AgentGateway natively emits OpenTelemetry traces for every LLM request. A lightweight OTel Collector receives these traces and forwards them to Langfuse via OTLP HTTP. The same collector can fan-out traces to additional backends (ClickHouse, Jaeger, Datadog) simultaneously.

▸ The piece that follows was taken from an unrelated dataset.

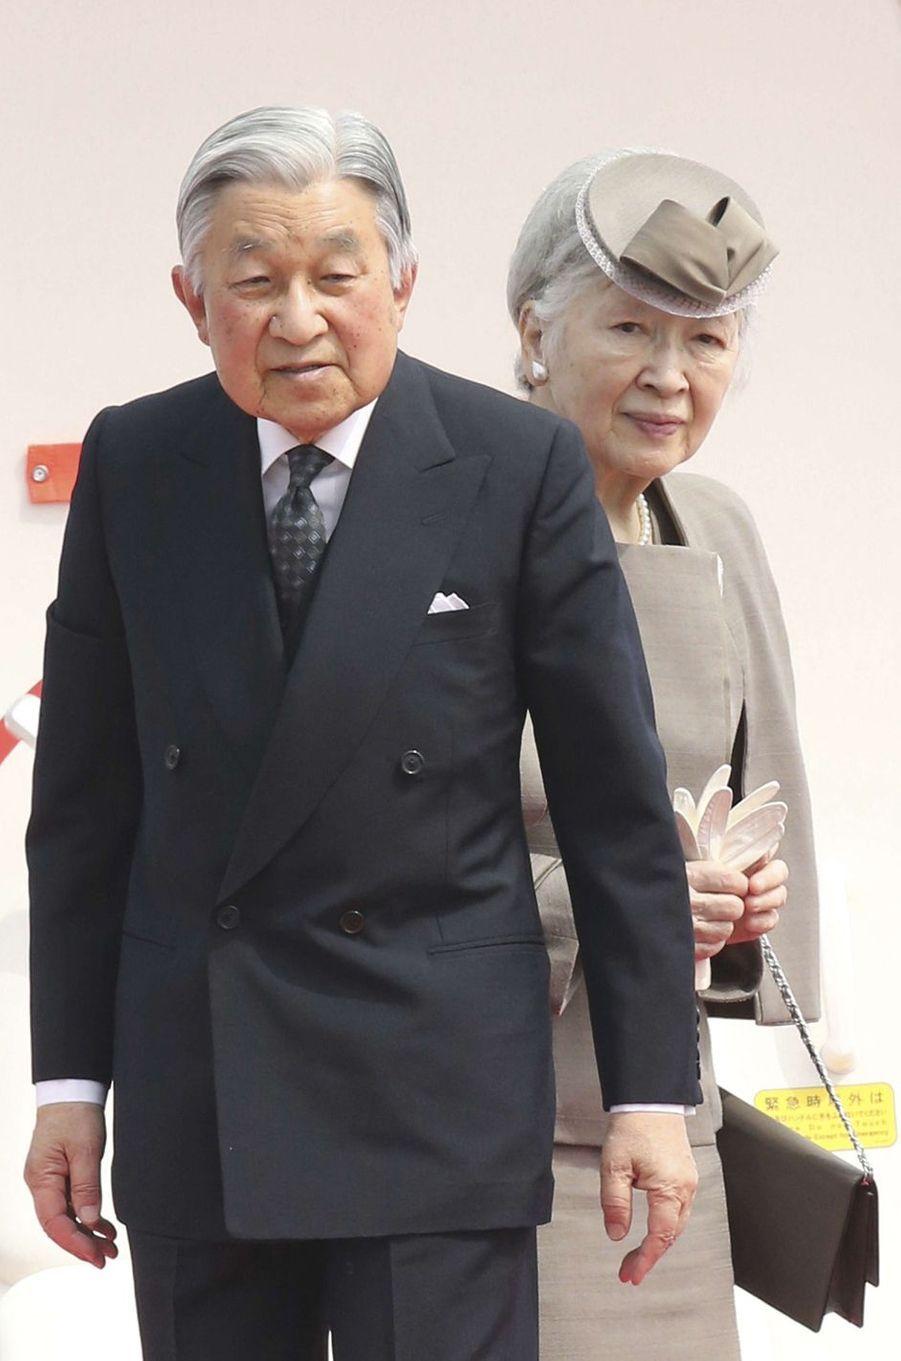 L'empereur Akihito du Japon et l'impératrice Michiko partent de Tokyo pour l'île d'Okinawa, le 27 mars 2018
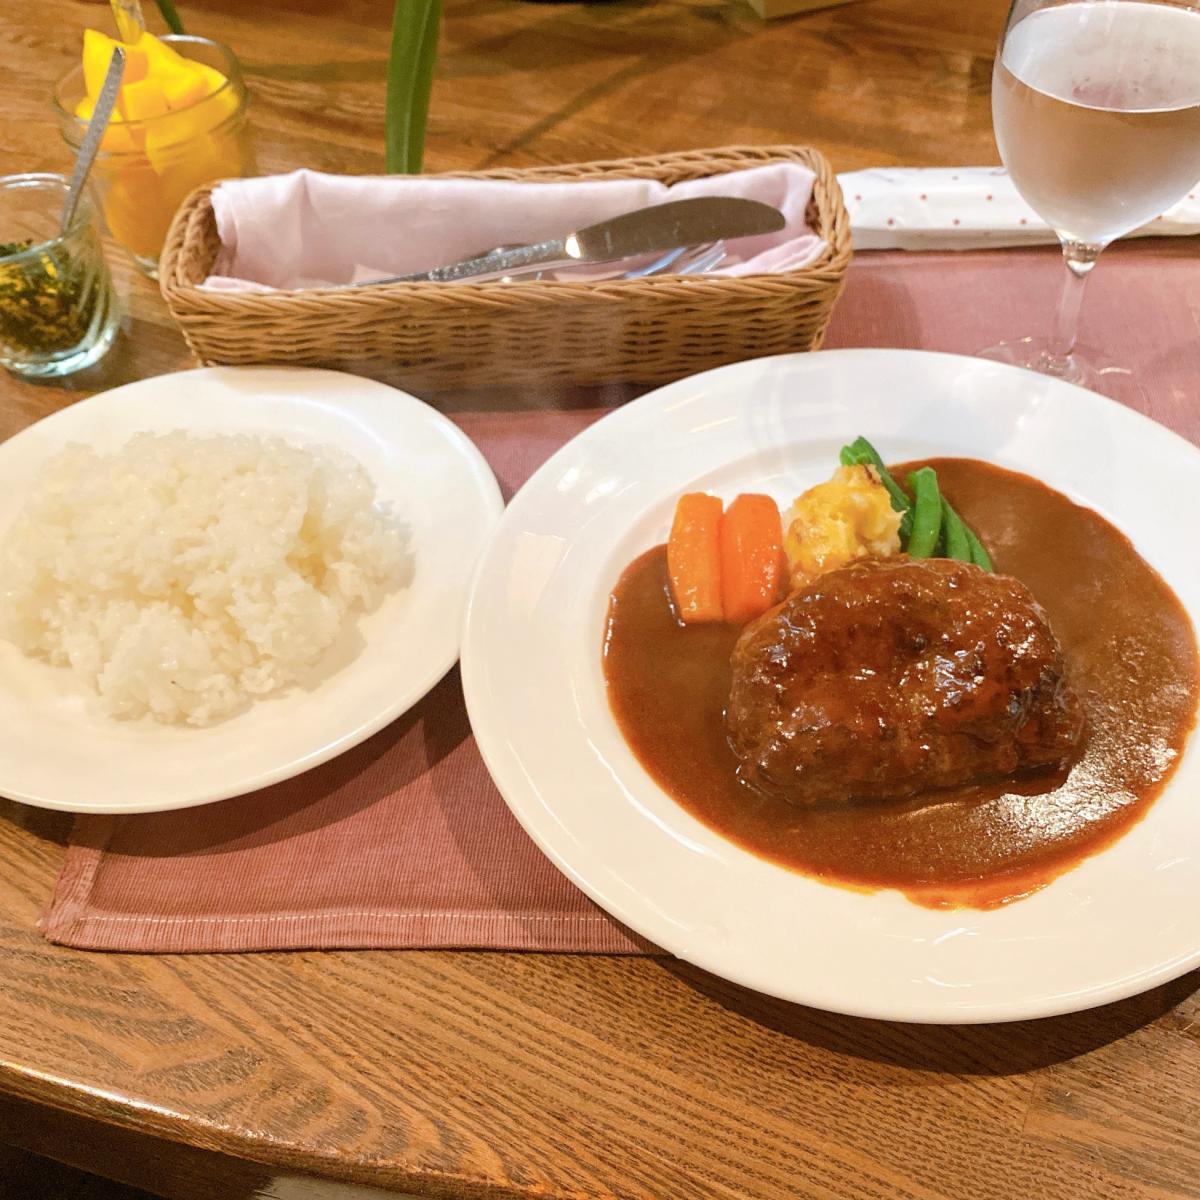 アップルサイダー_料理/グルメ

Quick Start: Kind Cluster + AgentGateway 2.1 OSS

Don’t have a cluster? Here’s the fastest path from zero to traced LLM calls.

Create the Cluster

kind create cluster --name agentgateway

Install Gateway API CRDs

kubectl apply -f https://github.com/kubernetes-sigs/gateway-api/releases/download/v1.4.0/standard-install.yaml

Install AgentGateway 2.1 OSS

helm upgrade -i agentgateway-crds oci://cr.agentgateway.dev/helm/agentgateway-crds \
  --version 2.1.0 \
  --namespace agentgateway-system \
  --create-namespace

# Install control plane
helm upgrade -i agentgateway oci://cr.agentgateway.dev/helm/agentgateway \
  --version 2.1.0 \
  --namespace agentgateway-system

Verify it’s running:

kubectl get pods -n agentgateway-system
kubectl get gatewayclass agentgateway

Setting Up Langfuse Tracing

Step 1: Get Langfuse API Keys

Sign up at cloud.langfuse.com (free tier) or use a self-hosted instance. Go to Settings β†’ API Keys and create a key pair.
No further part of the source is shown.